In order to prevent further proceedings in the circuit court the petitioner has applied for a writ of prohibition. Such writ has been defined as “A writ issuing out of the superior courts directed to the judge and parties of an , inferior court, commanding them to cease from the prosecution of a suit, upon a suggestion that either the cause originally or some collateral matter therein does not belong to that jurisdiction but to the cognizance of some other court.” Camron v. Kenfield, 57 Cal. 550; Washburn v. Phillips, 2 Metc. (43 Mass.) 296, 298.

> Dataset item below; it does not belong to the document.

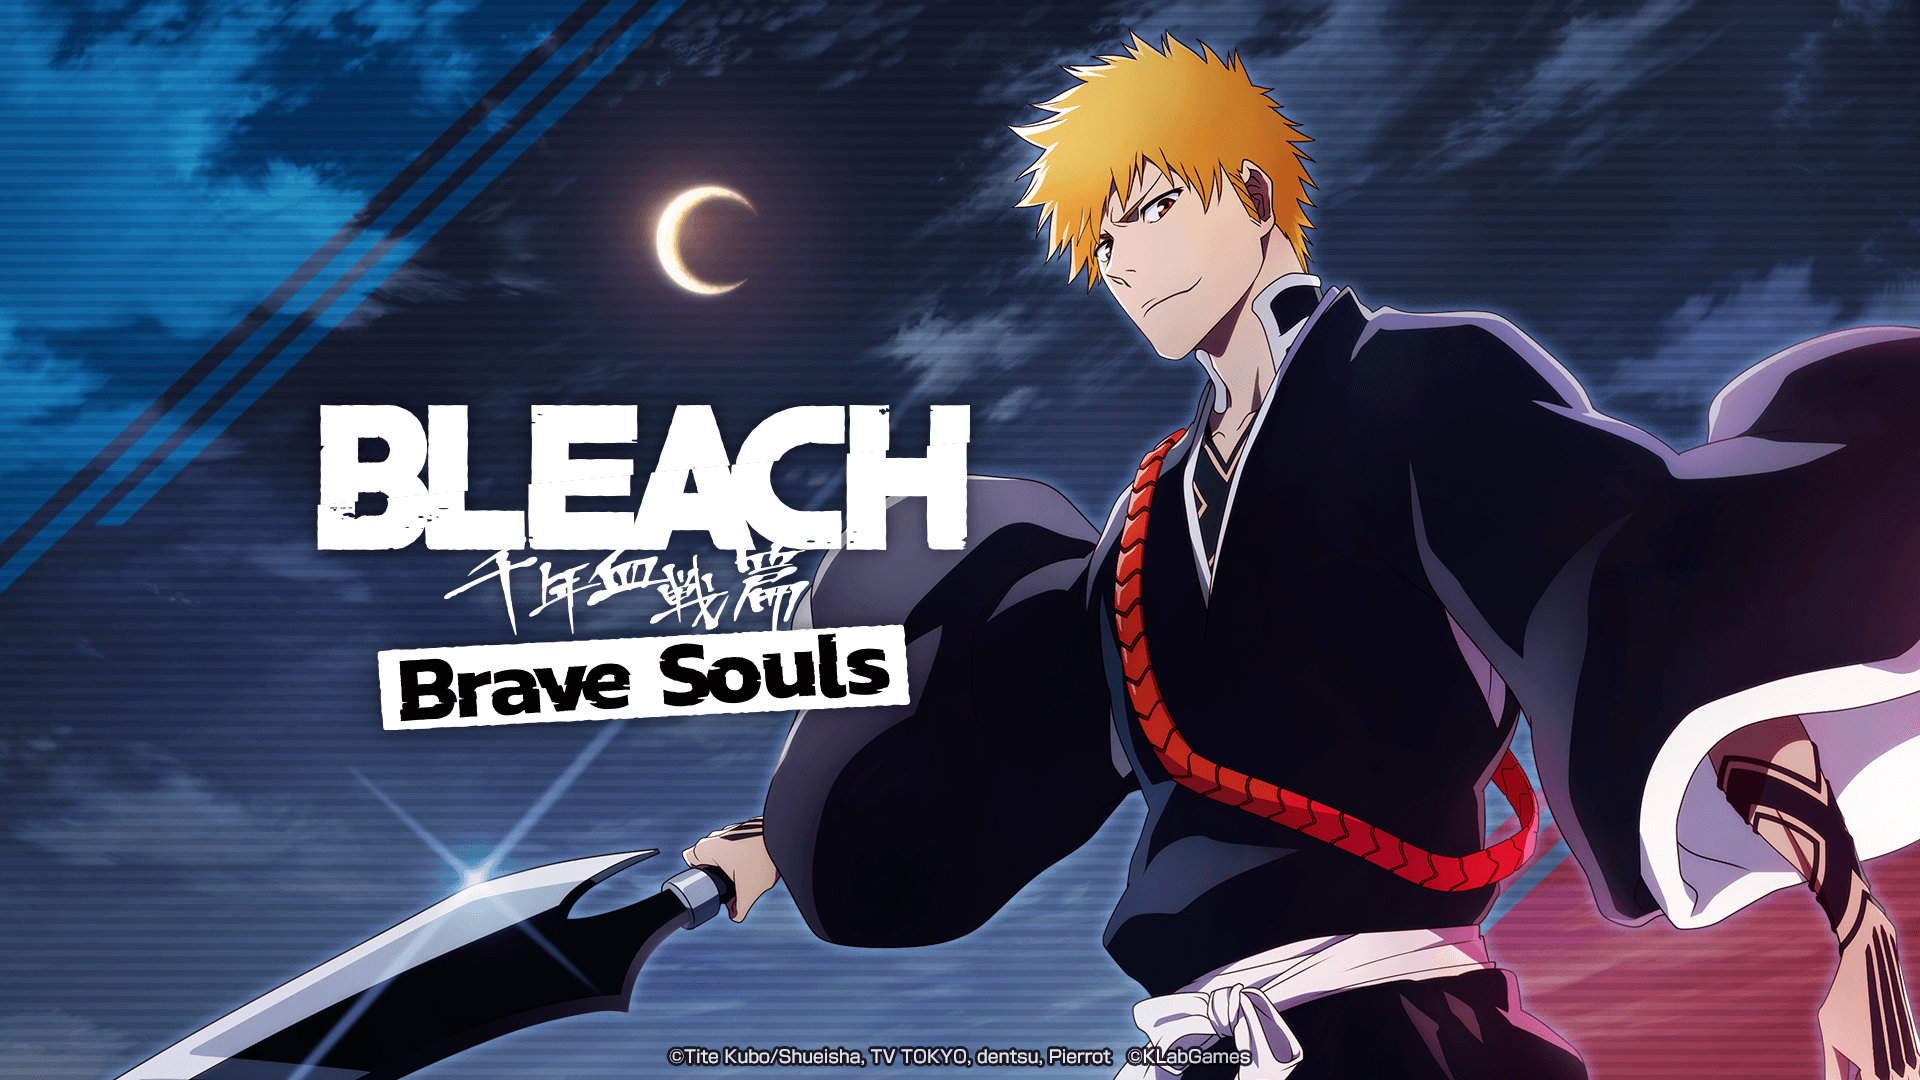 GAME CHANGING CHARACTERS?! NEW TYBW ANIME ICHIGO, CHAD AND URYU! Bleach:  Brave Souls!

Unless this writ is issued the petitioner will be obliged *557either to permit the matter in the circuit court to go by default and then appeal to this court, or to participate in the trial of the matter in a court which clearly ought not to assume jurisdiction of the matter. In either event petitioner will be put to great hardship, expense, and trouble. Such was the ruling of this court in a recent case (Petition of Inland Steel Co. 174 Wis. 140, 182 N. W. 917), where this court directed the issuance of the writ. The issuance of this writ will result in the prohibition on the part of the circuit judge and of the respondent, the widow, from proceeding with the trial in the circuit court, and will effect a return of the record to the county court, where the matter can and should, as a matter of right, be tried.z

We therefore hold that the issuance of the writ of prohibition in the instant case is a proper remedy.

By the Court. — Let a writ of prohibition issue as prayed for in the petition.